President Obama's Affordable Care Act (ACA) expands health coverage for the uninsured and underinsured, aims at reducing racial health disparities and will make it illegal for an insurance company to deny anyone because of a pre-existing condition. For these reasons, the ACA has faced plenty of opposition over the years. The Supreme Court will be ruling if the ACA is unconstitutional because of its individual mandate that requires most Americans to either purchase health insurance or pay a fine.
But if the legislation betters the health of Americans, then what is the problem?
Michael Tesler, a political science professor at Brown and public opinion expert, says more might be going on, specifically racism and bias, given that President Obama is our nation's first Black president. And his new paper suggests that might be the case.
By using survey data, Tesler suggests that racial attitudes play a factor not only in how Americans view health care reform but how strong those feelings are. He found that, over time, African-Americans overall have become increasingly supportive of the Affordable Care Act. Meanwhile, there are differences between liberal whites and conservative whites when it comes to support for the ACA.
According to NPR, Tesler's race experiment had some eye-opening results:
In an experiment, Tesler presents a health care overhaul policy to whites, telling some that the policy is advocated by Bill Clinton and telling others that it's advocated by Barack Obama; Tesler finds that whites with liberal racial attitudes become more supportive of the policy when they think Obama is its chief advocate, while whites with a conservative attitude become less supportive of the policy when they think of health care as an Obama policy.
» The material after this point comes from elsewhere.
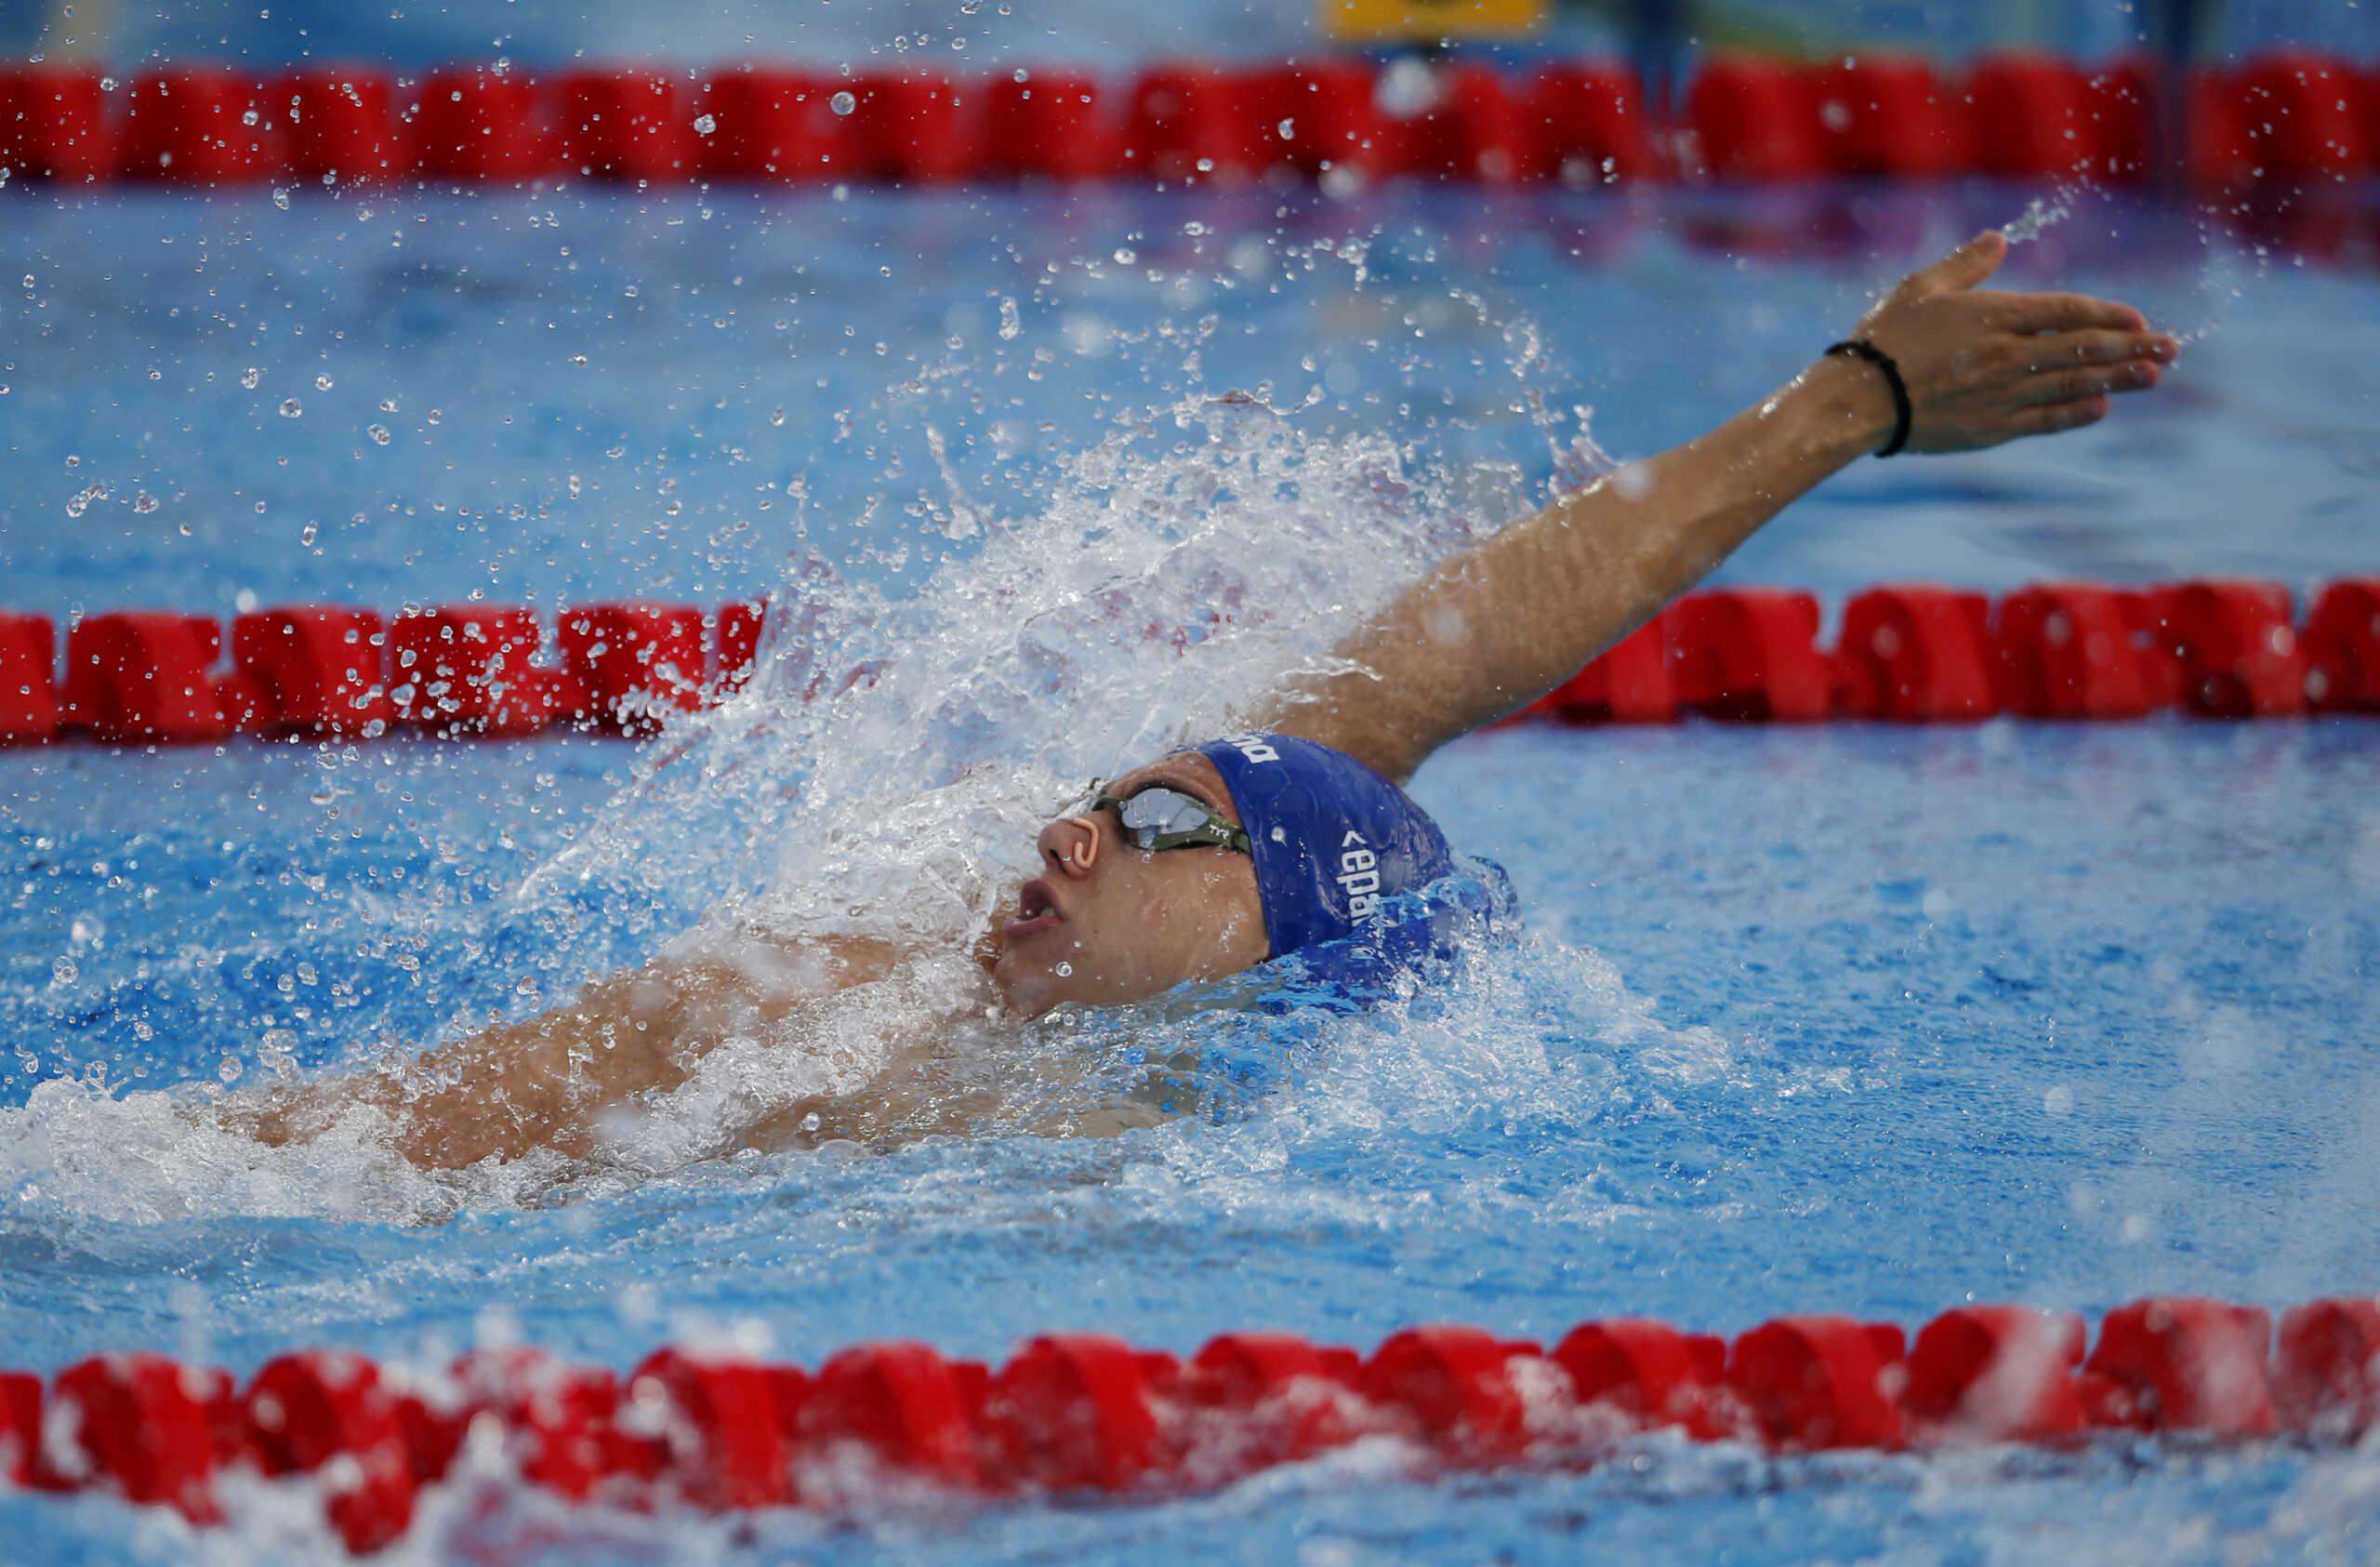 Ο Απόστολος Σίσκος κατέκτησε το ασημένιο μετάλλιο με πανελλήνιο ρεκόρ στο ευρωπαϊκό πρωτάθλημα κολύμβησης

The study is part of a broad range of research projects that shows that issues such as race and religion play a powerful role in shaping how people feel about policies related to war, welfare and crime.
And while past studies have found that voters tend to align themselves with politicians who share common identity characteristics — religion, geographic location and race — these findings are somewhat bothersome when you think about what's at stake.
Do you support policies depending on who presents them and supports them?